▸ **TASK TO COMPLETE**: Go through the data and copy every line exactly, but not the images.

▸ **PROVIDED MATERIAL**:
*** Begin section ***
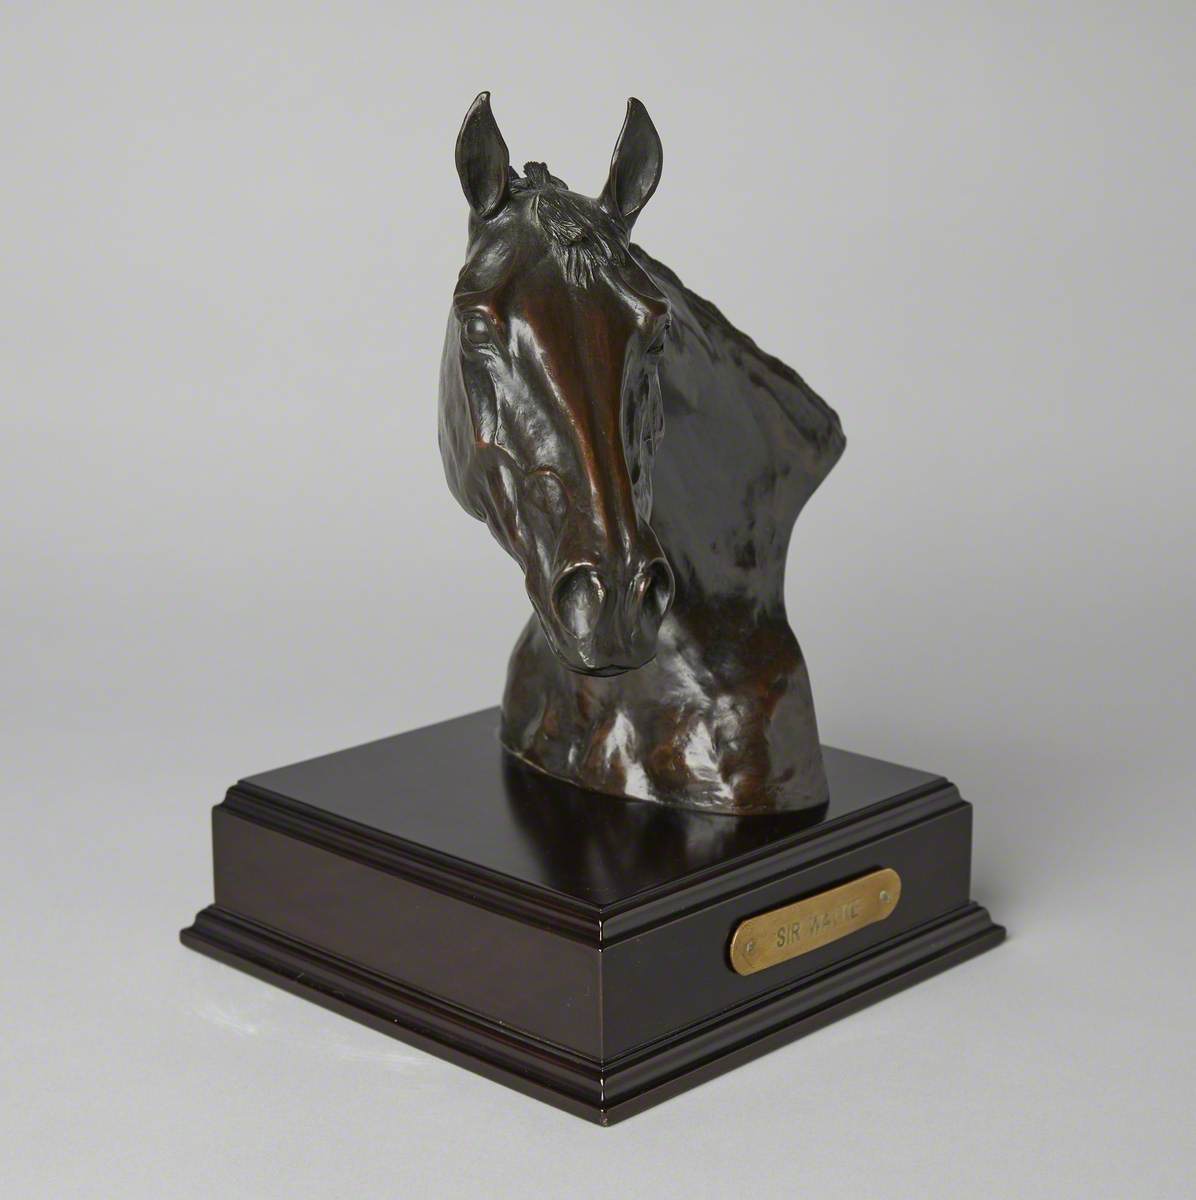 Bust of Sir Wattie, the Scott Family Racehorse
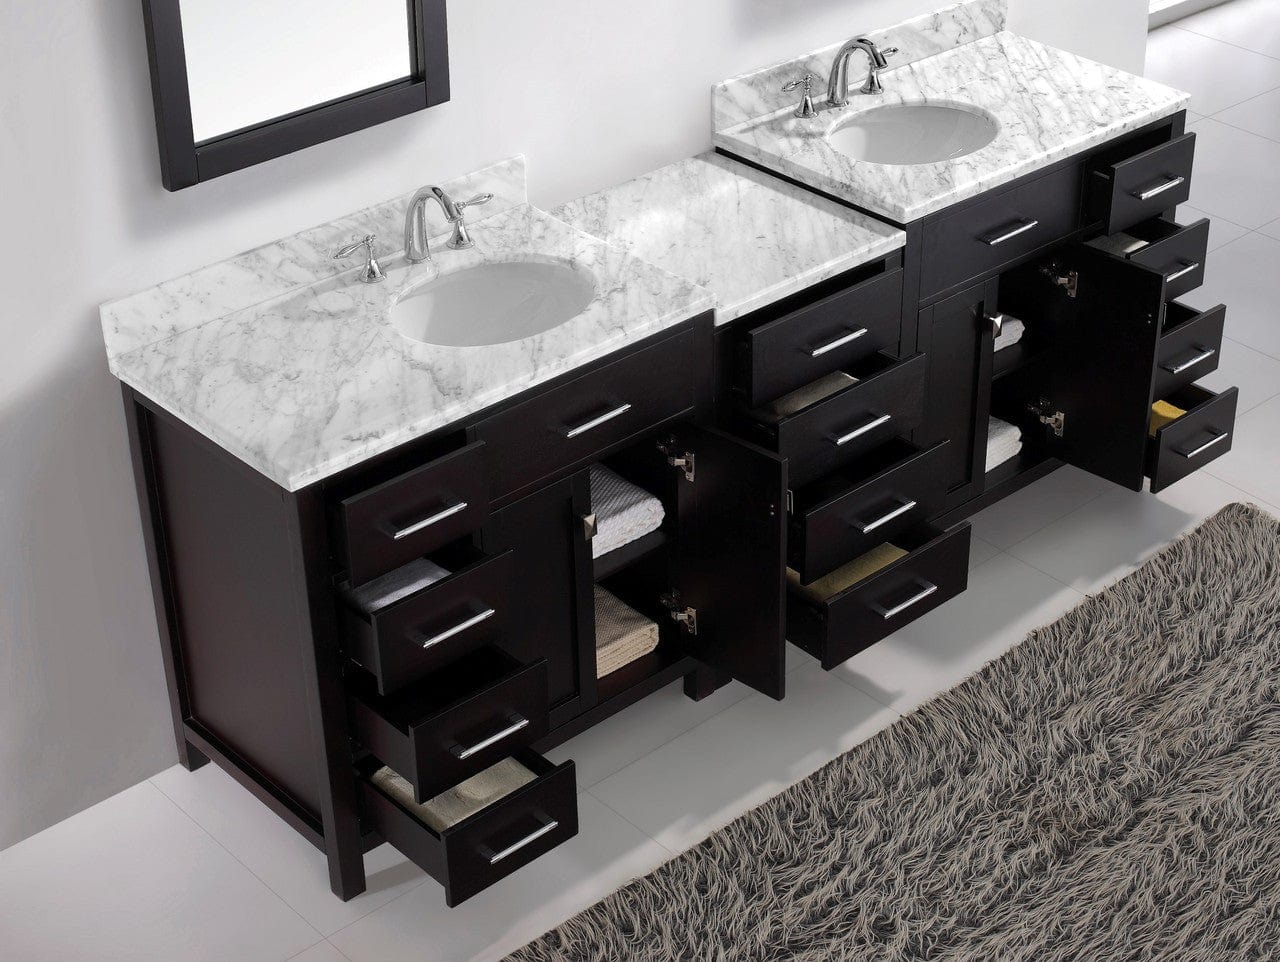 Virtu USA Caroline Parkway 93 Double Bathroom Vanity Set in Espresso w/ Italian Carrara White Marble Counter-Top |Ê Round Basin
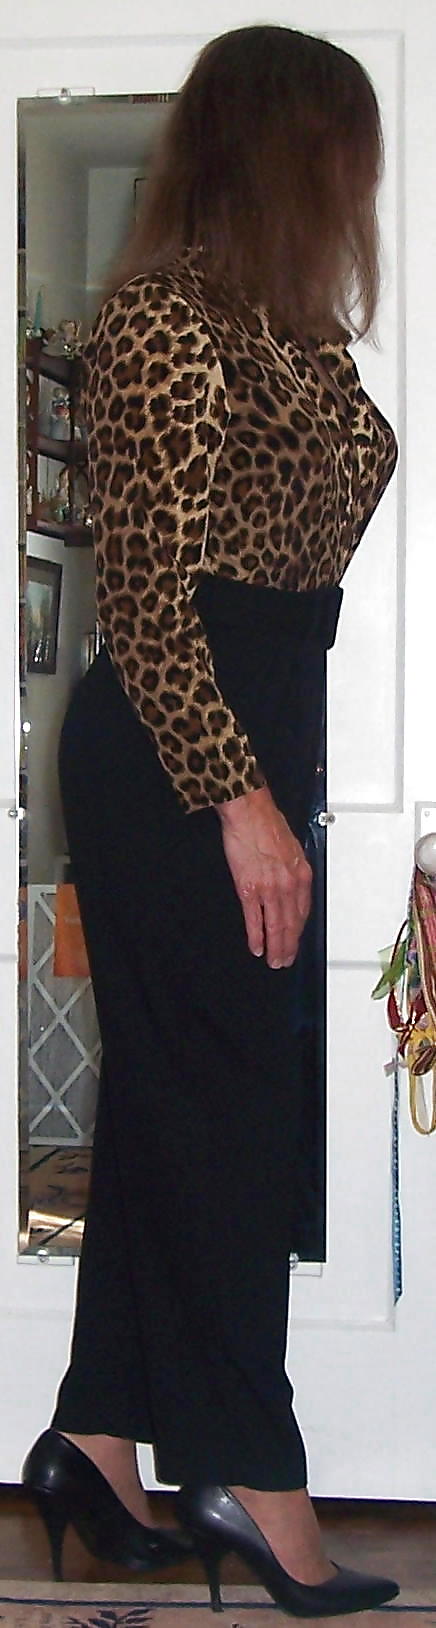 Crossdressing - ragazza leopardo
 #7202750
*** End section ***
▸ **ANSWER FOR THIS EXERCISE**:
 Bust of Sir Wattie, the Scott Family Racehorse
 Virtu USA Caroline Parkway 93 Double Bathroom Vanity Set in Espresso w/ Italian Carrara White Marble Counter-Top |Ê Round Basin
 Crossdressing - ragazza leopardo
 #7202750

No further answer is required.